Statement Of Senator Patrick Leahy On Prohibition On The Transfer Of Terrorism Suspects In The National Defense Authorization Act For Fiscal Year 2011

I am deeply disappointed that H.R. 6523, the National Defense Authorization Act for Fiscal Year 2011, includes a section to prohibit the transfer of terrorism suspects at Guantanamo Bay to the United States to face prosecution.  This section takes away one of the greatest tools we have to protect our national security -- our ability to prosecute terrorism defendants in Federal courts.  The result is to make it more likely that terrorists will not be brought to justice.

Current law allows for the transfer of these terrorist suspects for prosecution in the Federal courts.  This is a policy that I strongly support.  I want to see those who have committed acts of terrorism convicted in our justice system and sentenced to long terms in prison. 
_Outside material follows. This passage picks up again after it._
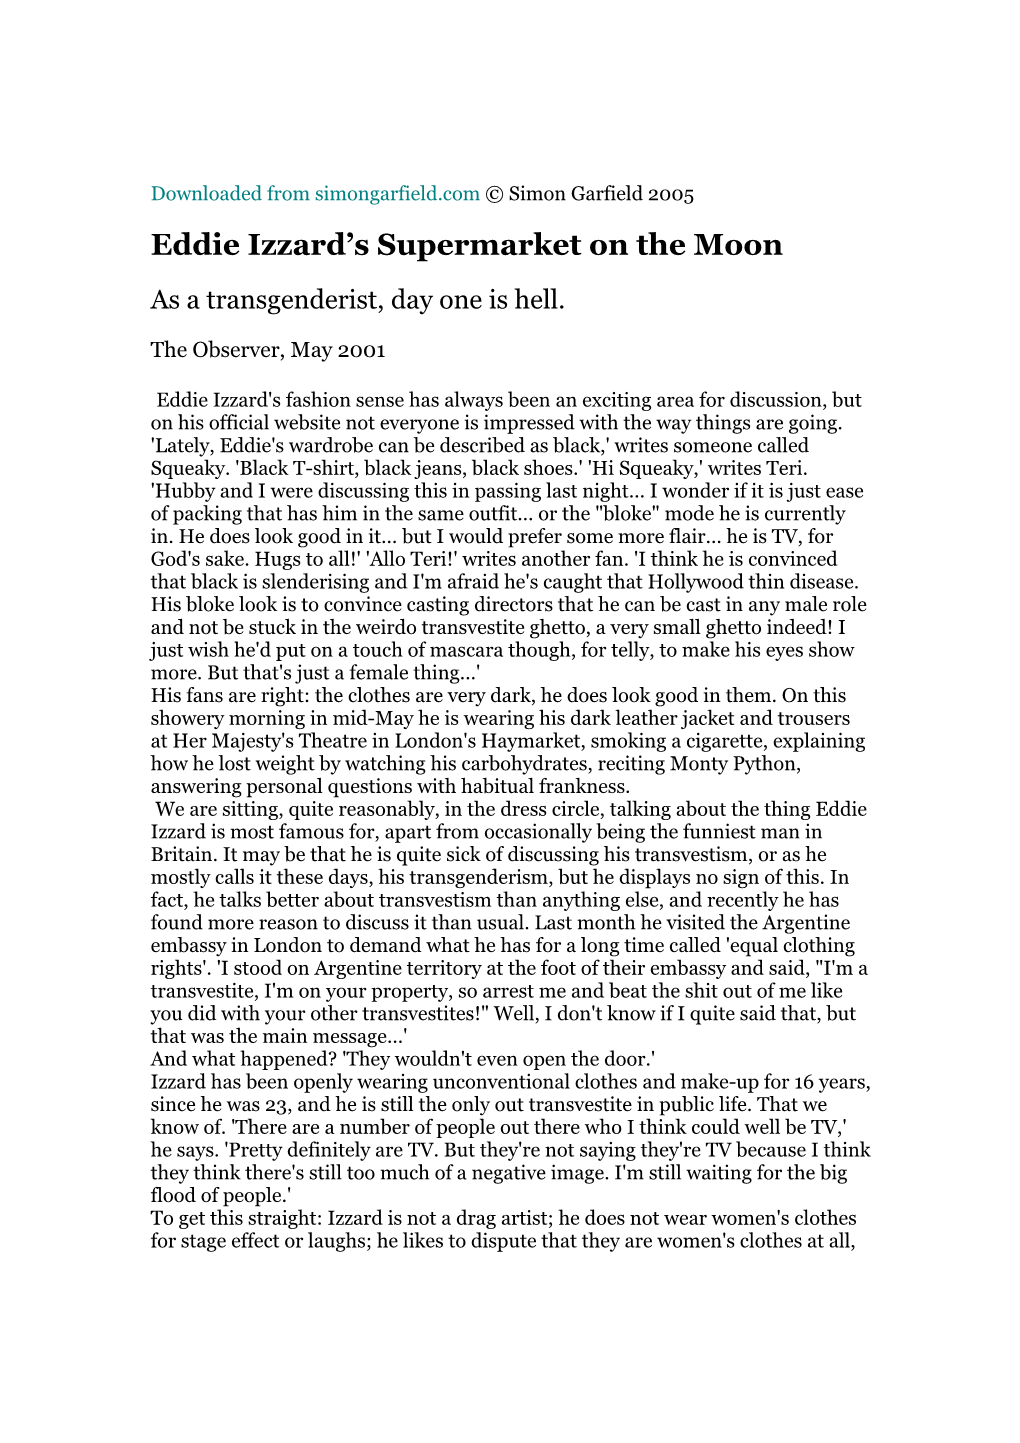 Eddie Izzard's Supermarket on the Moon

Our Federal judges and Federal prosecutors have extraordinary experience dealing with complex terrorism and conspiracy cases.  The record speaks for itself.  Since September 11, 2001, over 425 persons have been convicted on terrorism related charges in the Federal courts – including more than 70 defendants since President Obama took office in January 2009.  

And yet, despite this strong record, Congress continues to try to tie the hands of law enforcement and other security agencies.  The prohibition contained in section 1032 of H.R.6523 is a complete bar on transfers of terrorism suspects at Guantanamo Bay to the United States.  There are no exceptions to this prohibition for Federal prosecutions.  Rather than addressing the question of how to close the prison facility at Guantanamo Bay once and for all, Congress is obstructing efforts to bring these criminals to justice. 
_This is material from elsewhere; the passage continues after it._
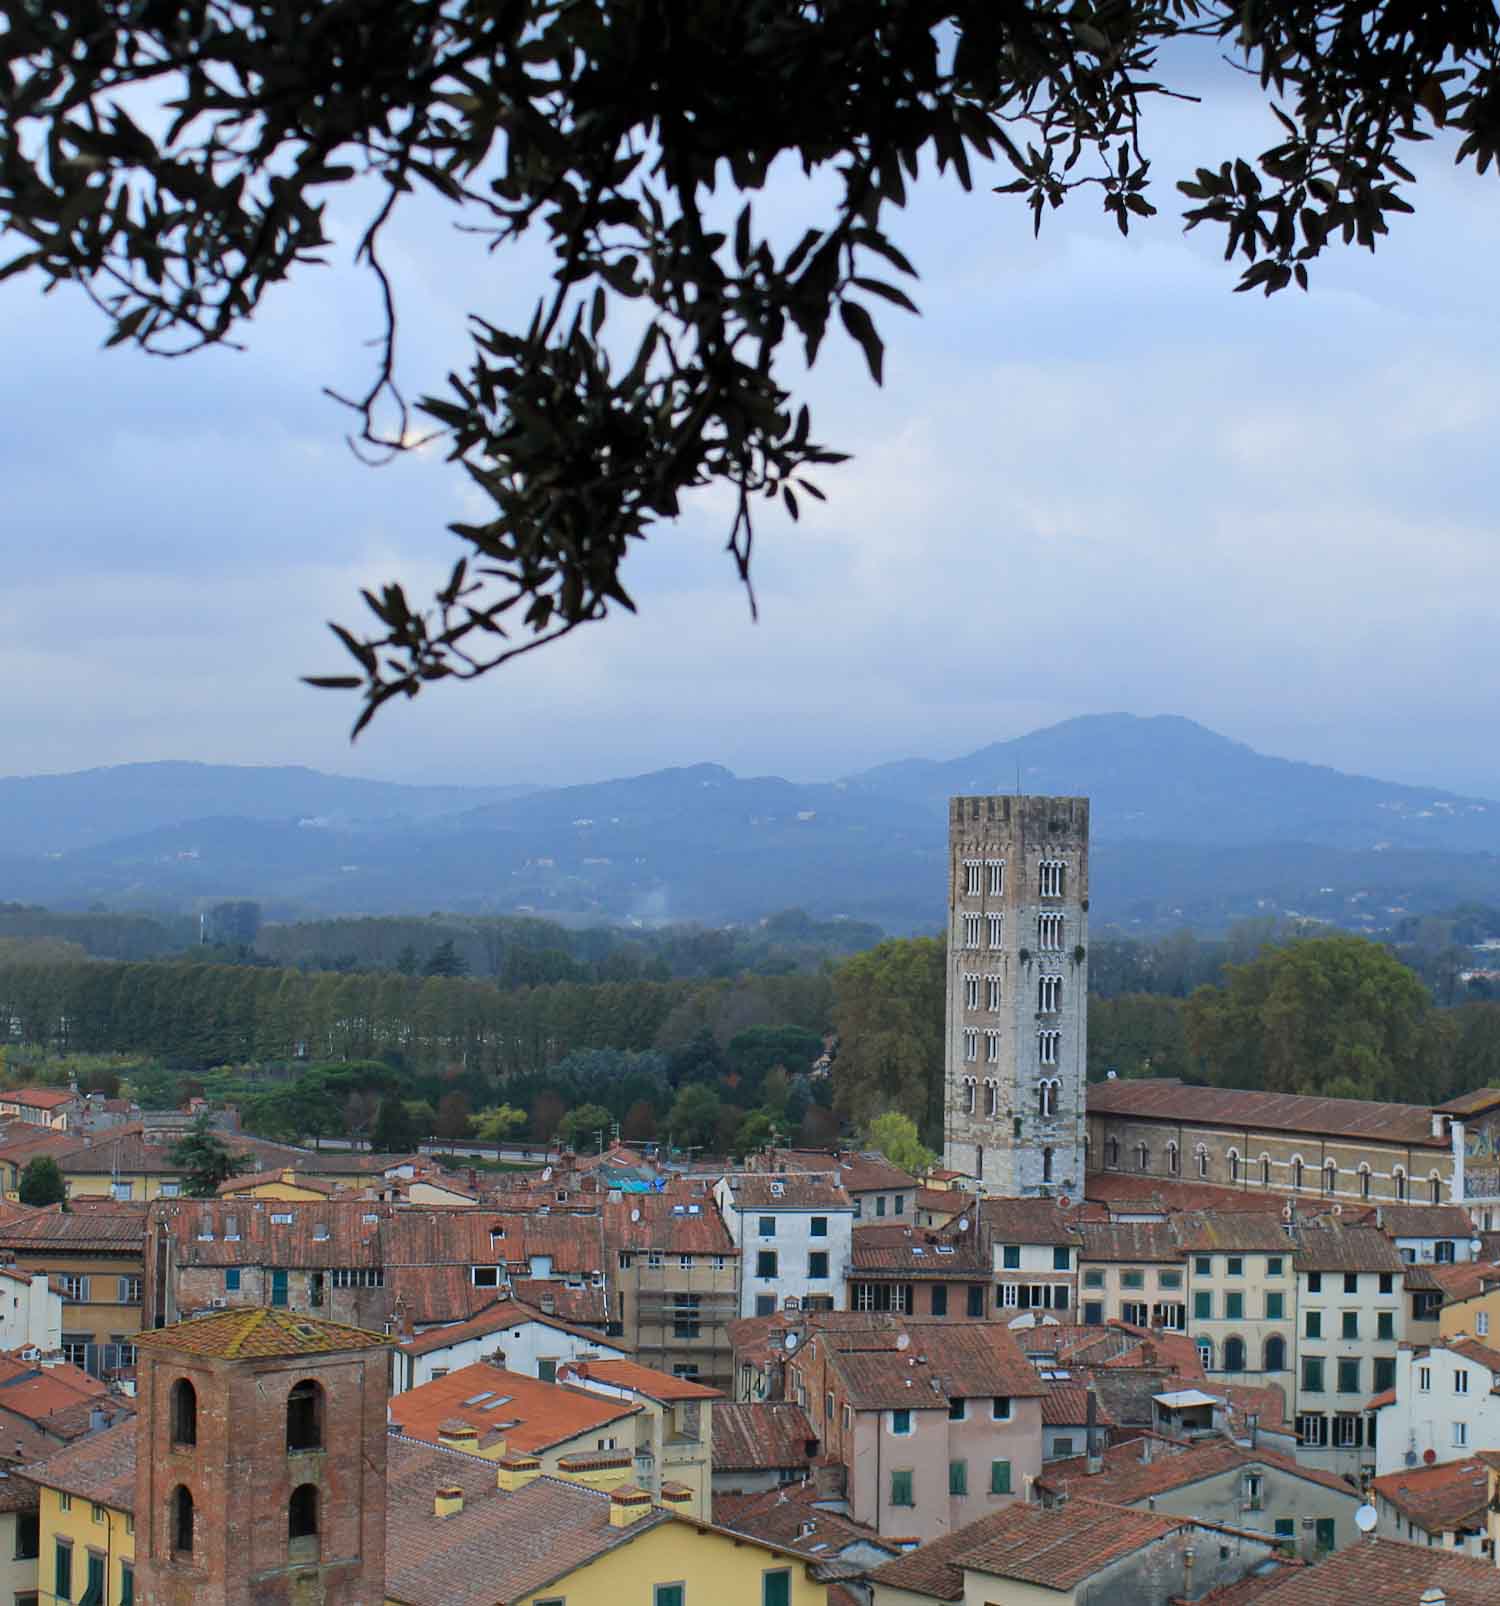 Giunigi Tower in Lucca

In a letter to the Senate leadership dated December 9, 2010, Attorney General Eric Holder warned that this provision would “set a dangerous precedent with serious implications for the impartial administration of justice.”  The Attorney General further stated that, by restricting the discretion of the executive branch to prosecute terrorists in Article III courts, Congress would “tie the hands of the President and his national security advisers” and would be “taking away one of our most potent weapons in the fight against terrorism,”  Accordingly, this provision is short-sighted and unwise.

This prohibition language also sets a dangerous political precedent.  Once the Senate votes in favor of a total bar to transfers, even for criminal trial, we will see it offered again and again.  This is a door that, once opened, will not easily be closed.    

I can think of only two possible motivations for including this ban of all transfers to the United States.  One is to ensure that the detainees being held at Guantanamo Bay, some for years without charge, can only be tried by military commissions. The other is to ensure that these suspects are simply held in military detention at Guantanamo Bay indefinitely.  The very strict restrictions on transfers of suspects from Guantanamo Bay to other nations in section 1033 of H.R.6523 suggests that indefinite detention is, in fact, the goal of these provisions.

For those who wish to see terrorism suspects tried only in military commissions, I urge them to study the record.  The military commissions devised by the prior administration were plagued with problems and repeatedly overturned by the U.S. Supreme Court.  The Obama administration has worked hard to revise the military commissions to make sure they meet constitutional standards.  However, the new system is still largely untested, and the rules for these commissions were only just released earlier this year. 

Military commissions have achieved only five convictions since the September 11, 2001, attacks.  Four of the five resulted from pleas.  The sentences handed down in these five cases have been much shorter than those meted out in Federal court convictions.  In contrast, our Federal courts have a long and distinguished history of successfully prosecuting even the most atrocious violent acts, and our judicial system is respected throughout the world.

The vital role of the rule of law and our judicial system in the fight against terrorism is also strongly supported by leaders of our military who served honorably to protect our nation and uphold the Constitution.  On December 10, 2010, a group of retired generals and admirals voiced their opposition against restricting law enforcement’s ability to try terrorists in Federal criminal courts, and wrote that, “By trying terrorist suspects in civilian courts we deprive them of the warrior status they crave and treat them as the criminals and thugs they are. As long as Guantánamo is open it offers America’s enemies a propaganda tool that is being used effectively to recruit others to their cause and undermines U.S. efforts to win support in the communities where our troops most need local cooperation to succeed.”

I believe strongly, as all Americans do, that we must do everything we can to prevent terrorism, and we must ensure severe punishment is imposed upon those who do us harm.  As a former prosecutor, I have made certain that perpetrators of violent crimes receive serious punishment.  I also believe strongly that we can ensure our safety and security, and bring terrorists to justice, in ways that are consistent with our laws and values.  Congress should not limit law enforcement’s ability to do just that.